The American Society of Anesthesiologists (ASA), the American College of Emergency Physicians (ACEP) and the American College of Radiology (ACR) have brought a lawsuit against the federal government charging that the interim final rule (IFR) on surprise medical billing goes against the language of the “No Surprises Act” and will ultimately harm patients and access to care.
The No Surprises Act, which was passed in December 2020, was designed to protect patients from surprise out-of-network bills. Although the law intended to resolve payment disputes through an impartial arbitration system, the interim final rule released by the Departments of Health and Human Services, Labor, and Treasury create a system that empowers profit-seeking insurance companies to strong-arm local community physician practices, narrow their provider networks and reduce access to care.
The recent rule ignores the law’s intent to create a fair independent dispute resolution (IDR) process, according to ASA, ACEP and ACR. In the law that was passed, the arbiter is directed to consider all information submitted by the physician and insurer, including the median in-network rate, complexity of the case, previously contracted rates and market power of the physician and insurance company, among other things.
The law states that the qualified payment amount (QPA) could be one of many equally weighted factors considered in payment disputes. However, the departments made the QPA—an unverified rate set by insurers—the primary factor in the IDR process. This sets an artificially low benchmark payment, for all care—whether in network or not, which may not support wider access to care—particularly in underserved areas.

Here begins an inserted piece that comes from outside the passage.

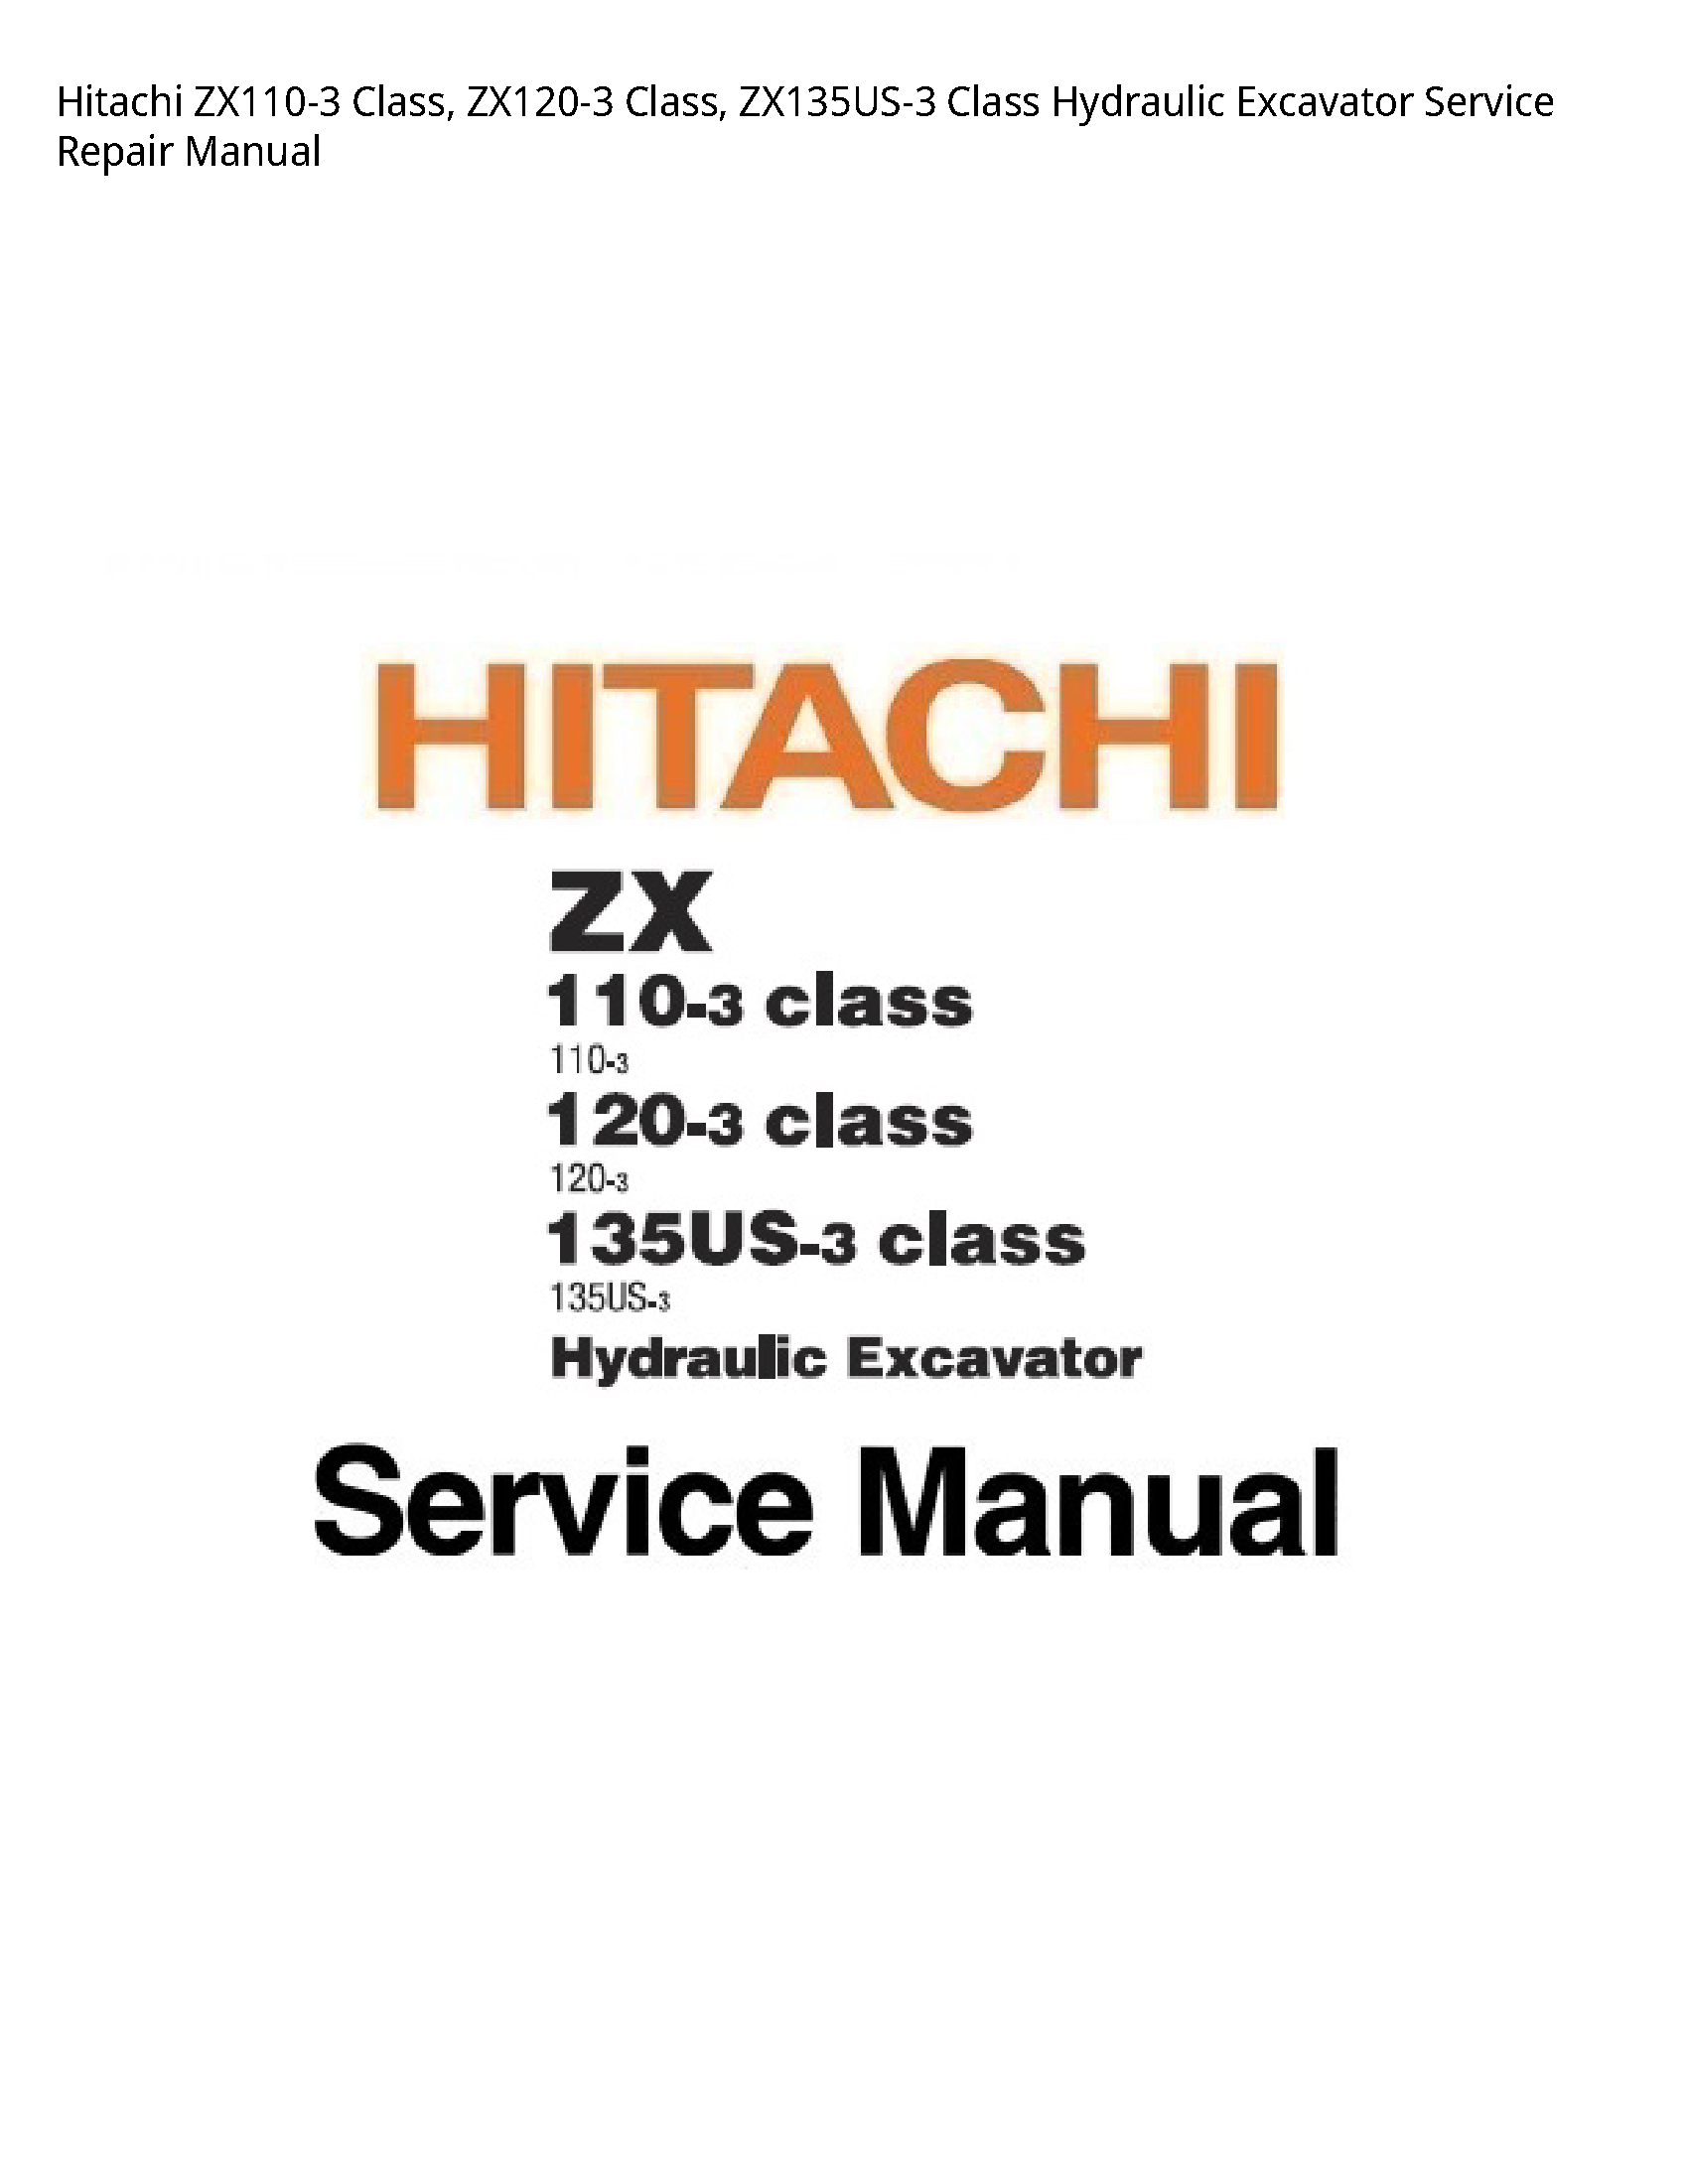 Hitachi ZX110-3 Class manual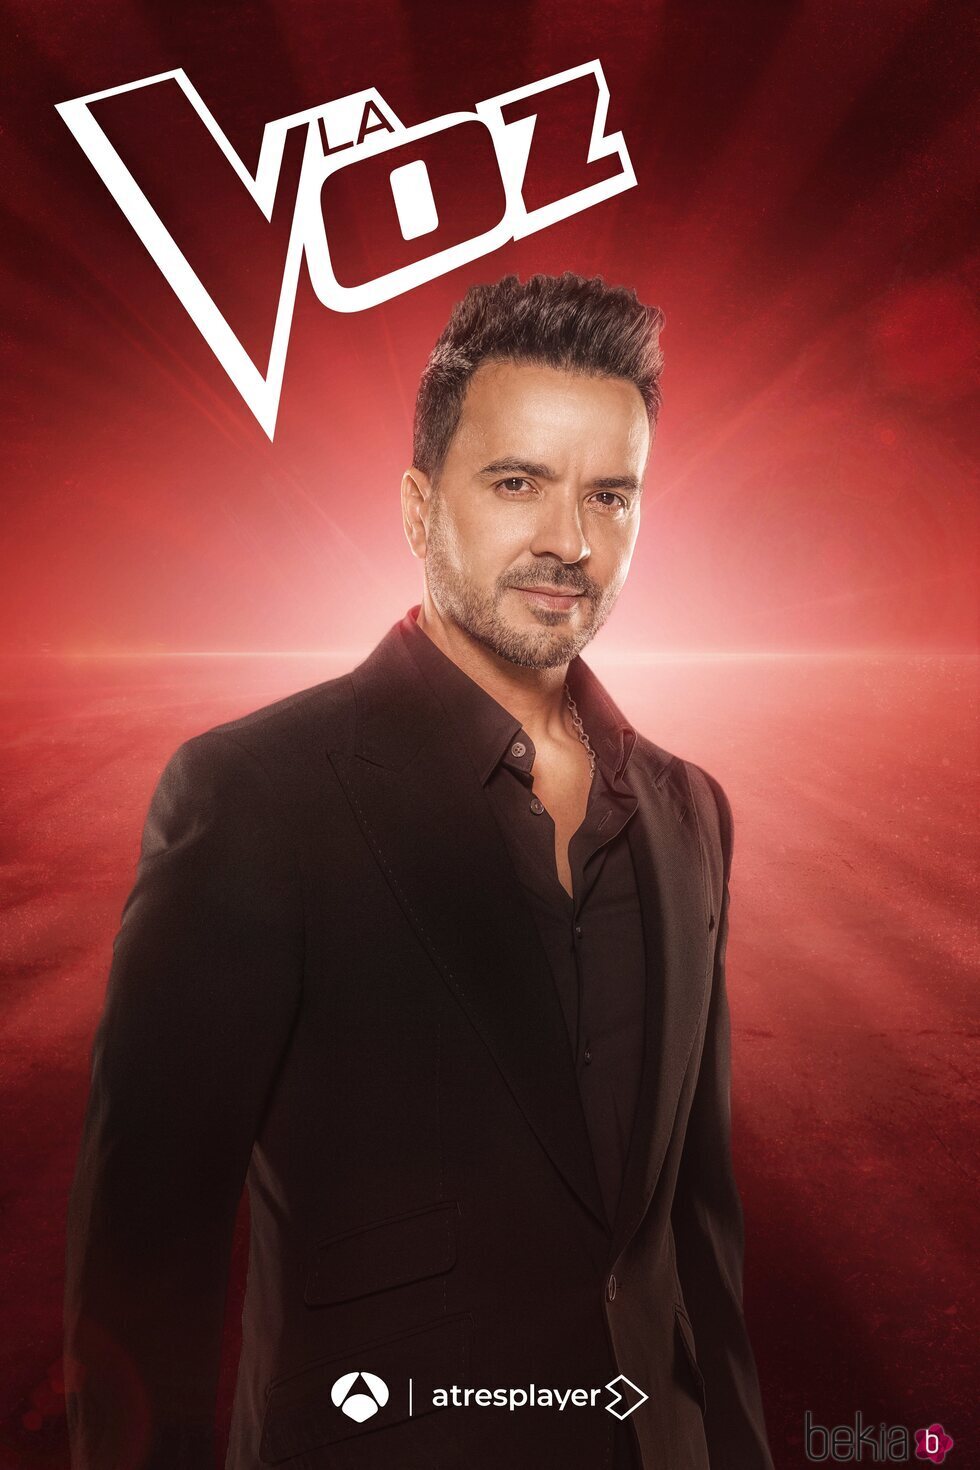 Póster promocional de Luis Fonsi para la quinta edición de 'La Voz' en Antena 3

“We strongly support the patient protections in this law. However, instead of expanding in-network access for patients, this rule does is exactly what we explained to Congress and the rule-making agencies would happen: insurance companies will use their overwhelming market power and these flawed rules to push more physicians out of network and fatten their bottom line,” says ASA President Randall M. Clark, MD, FASA.
“If these rules are not overturned or corrected, insurance companies will use strong-arm tactics to abuse these laws as we have already seen in North Carolina, ultimately compromising timely access to care, potentially causing severe disruption and the wholesale loss of care for patients in areas that really need it,” Clark adds.
Howard B. Fleishon, MD, MMM, FACR, chair of the ACR Board of Chancellors, also spoke out about the lawsuit, commenting: “Many practices are reeling from the pandemic’s economic impact. Imaging costs are down in recent years—including 2020 . Now, insurers are using the new law to increase their profits by artificially cutting reimbursement to a point that many providers can’t absorb and become unable to remain in their network.”
What’s worse, Fleishon says, “Rural areas and underserved communities may be hit hardest by this insurer overreach that could result in longer wait times for care, delayed diagnosis, higher out of pocket costs to treat more advanced conditions, and even deaths as insurers use the new law to deny patients covered access to their chosen providers. With this harmful regulation due to take effect January 1, we have little choice but to protect patient access to care by taking legal action.”
This lawsuit does not impact No Surprises Act protections to hold patients harmless during insurer-provider out-of-network payment disputes and will not increase patient out-of-pocket costs. The lawsuit was filed in federal district court in Chicago.